Bilateral sagittal split osteotomy, incidence, management, neuropathic pain, risk factor
Neuropathic pain is a complex, chronic pain state caused by a lesion of the somatosensory nervous system. It usually results from tissue injury and excludes pain from a condition preceding surgery. Neuropathic pain can arise from damage to the nerve pathways at any point from the terminals of the peripheral nociceptors to the cortical neurons in the brain. In this type of pain, nerve fibers may be damaged, dysfunctional, or injured, resulting in a change in nerve function at both the site of injury and adjacent tissue. These damaged nerve fibers in turn send incorrect signals to other pain centers.
Neuropathic pain is characterized by spontaneous and provoked pain mostly of a burning character, by positive symptoms such as paresthesias and dysesthesias, and by negative signs (sensory deficits) reflecting neural damage. Sensory disturbances in the area of surgery show a strikingly strong association with persistent postsurgical pain, suggesting nerve damage as a contributing factor in a significant portion of cases.[2,3] Many investigations have confirmed the relevance of surgery as the initiating event for the development of persistent pain, even after a minor operation, such as tooth extraction.
Bilateral sagittal split osteotomy (BSSO) is a common procedure used to treat mandibular deformity. Because mandibular osteotomies are performed in close proximity to the neurovascular bundle in the mandibular canal, there is a high risk of injury to the inferior alveolar nerve (IAN).[4-6] IAN injury during surgery largely results from manipulation of the nerve, its vascular supply, or structures surrounding the nerve during surgery.[7-9] The placement of semi-rigid fixation plates and screws may also cause nerve damage either directly or via compression of the nerve between bony segments after screw fixation.
Inferior alveolar nerve-related neuropathic pain following iatrogenic damage to the nerve is a disabling condition that severely affects the quality of daily life.[10-12] This review covers the current knowledge regarding neuropathic pain after BSSO and its incidence, pathophysiology, risk factors, management, and steps for prevention.
No single accurate value appears to be available for the overall prevalence of neuropathic pain. The development of chronic pain after surgery is fairly common, with estimates ranging from 10% to 50% after many common operations. The pain may be severe in 2-10% of these patients and is usually considered to be neuropathic.[14,15]

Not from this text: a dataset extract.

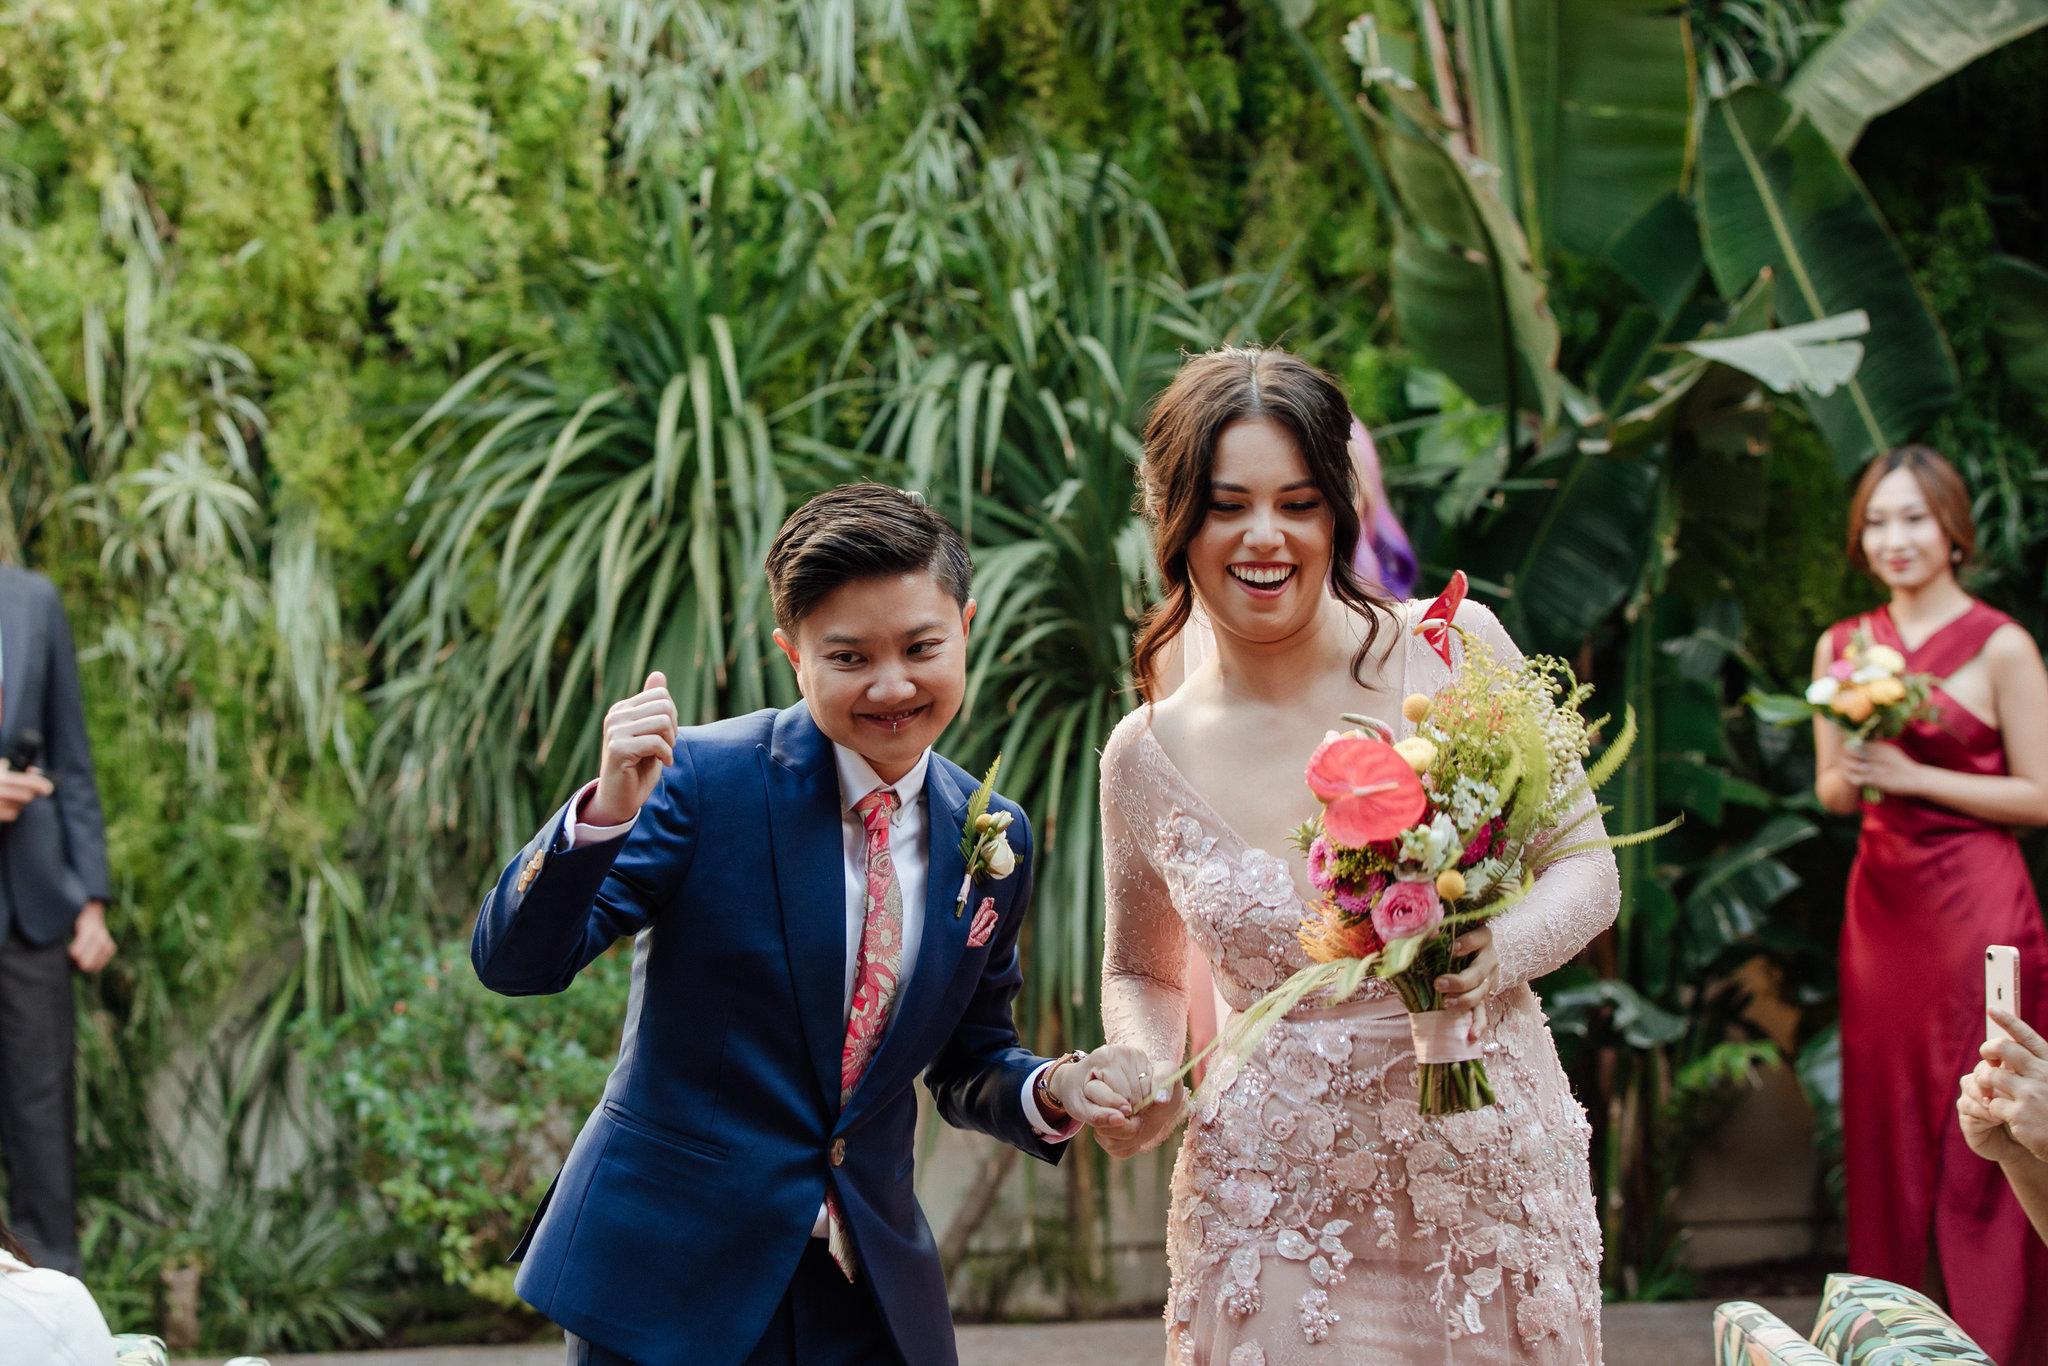 millwick-wedding-marble-rye-photography-030118-ceremony-108.jpg

Information about neuropathic pain following orthognathic surgery is sparse.[16,17] Borstlap et al. prospectively followed 222 patients after BSSO surgery and reported no incidence of neuropathic pain. The reported incidence of neuropathic pain in the literature after mandibular osteotomies is less than 1% while the reported incidence in patients with iatrogenic IAN injuries during BSSO can be as high as 45%. Marchiori et al. reported seven cases of neuropathic pain among 1671 patients after BSSO, for an incidence of 0.42%, while Politis et al. reported 6 cases of neuropathic pain from 900 BSSOs with an incidence of 0.67%.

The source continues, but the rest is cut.